The Marine Corps referred questions about the review to the Navy. The Navy did not immediately respond to a request for information about how it will carry out the directive.

Generating $8 billion a year in savings over the next five years will be equal to about 7% of the Navy Department's annual topline budget, Modly told leaders. The savings, he said, will be repurposed to help pay for what he called his top three priorities: designing and building a 355-plus-ship Navy by 2030; ethical and educational opportunities for sailors and Marines; and digital modernization across the forces.

During the review, the acting secretary said leaders should identity low-priority, redundant or legacy programs that can be eliminated, reduced or restructured to meet the services' needs.
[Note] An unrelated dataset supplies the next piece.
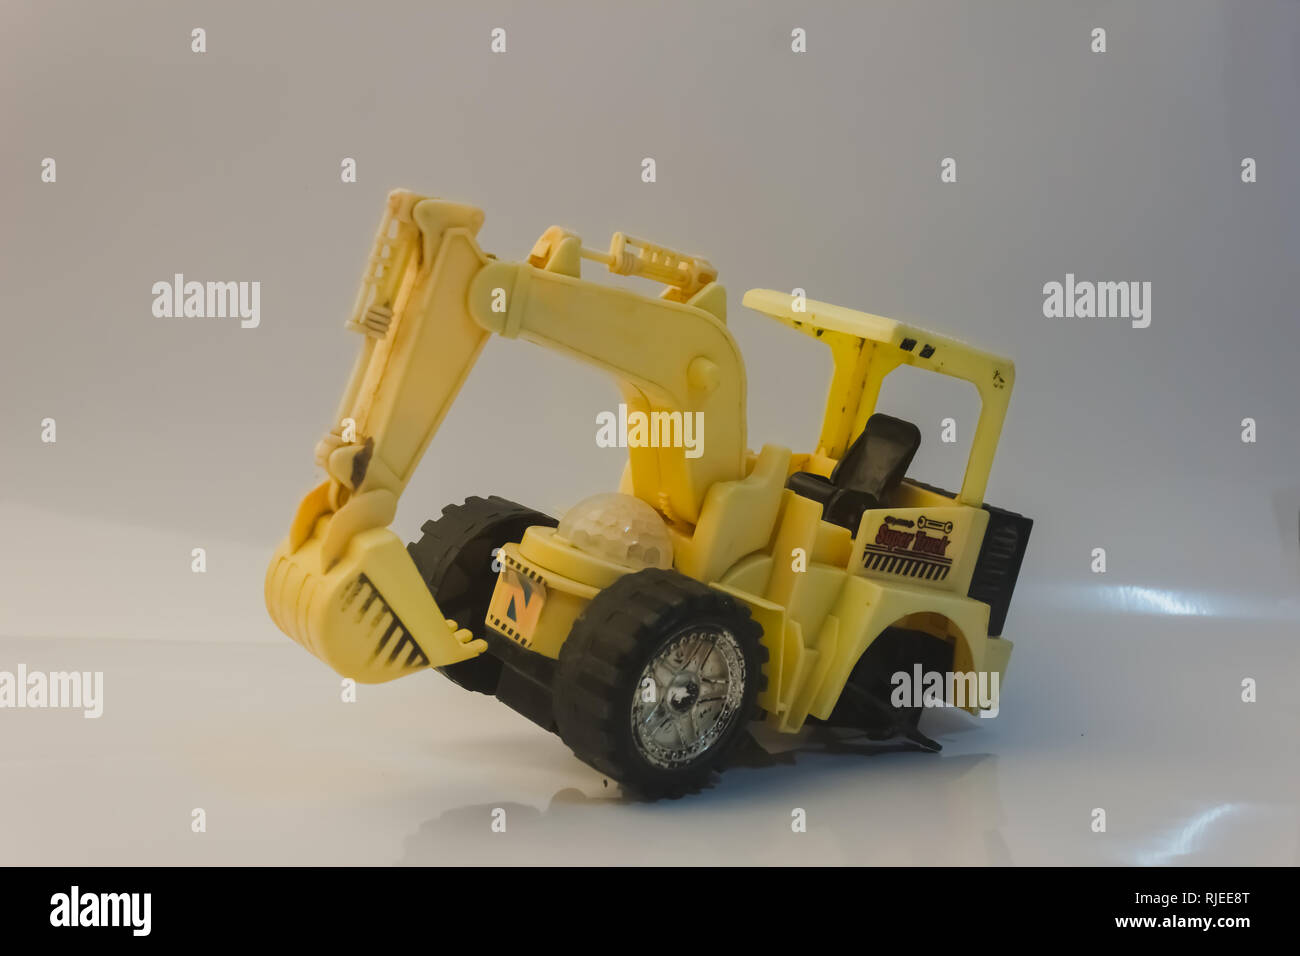 Traktor truck Spielzeug kind Auto gebrochen Rad Fahrzeug auf weißem  Hintergrund Stockfotografie - Alamy

"We must find savings within the Department to reinvest in the kind of decisive naval force that will provide for our nation's future economic and political security," Modly added.

He also challenged the sea services to a bit of service rivalry in his memo, calling on the Navy and Marine Corps to beat the Army's recent budget cuts.

But the Navy Department cuts will more than triple the $13 billion the Army has trimmed from its budget over the next several years. Coined "Night Court" sessions, Army leaders have met after hours and aggressively moved money away from low-priority programs to fund readiness and modernization efforts.

Related: Army Releases Full List of 80 Programs it Plans to Kill or Trim Back

No portion of the Navy budget is exempt from scrutiny as part of the eight-week analysis, which Modly is calling the "stem-to-stern capability-based strategic review." But the acting secretary marked eight programs that should receive consideration as department leaders look for potential savings.

Some of the changes could include eliminating headquarters, commands or organizations; streamlining naval logistics; outsourcing some programs; consolidating training and installation management; and significantly cutting service-support contracts, among others.

Gilday, the Navy's top officer, said last month that the Navy Department would need a bigger slice of the Pentagon's budget if sailors and Marines are going to be called on to counter China in the Asia-Pacific region.

Splitting the budget equally between the Army, Navy and Air Force doesn't match the requirements of the National Defense Strategy, he added, which calls for a hefty naval presence.

"If you believe that we require overmatch in the maritime, if you believe that in order to execute distributed maritime operations and to operate forward in great numbers now -- that we need more iron -- then yes, we need more topline," Gilday said.

The Navy Department's 2021 budget request, which includes overseas contingency operations funds, totaled $161 billion, $2.9 billion less than last year's request. The overall Pentagon budget request for next year is $705 billion.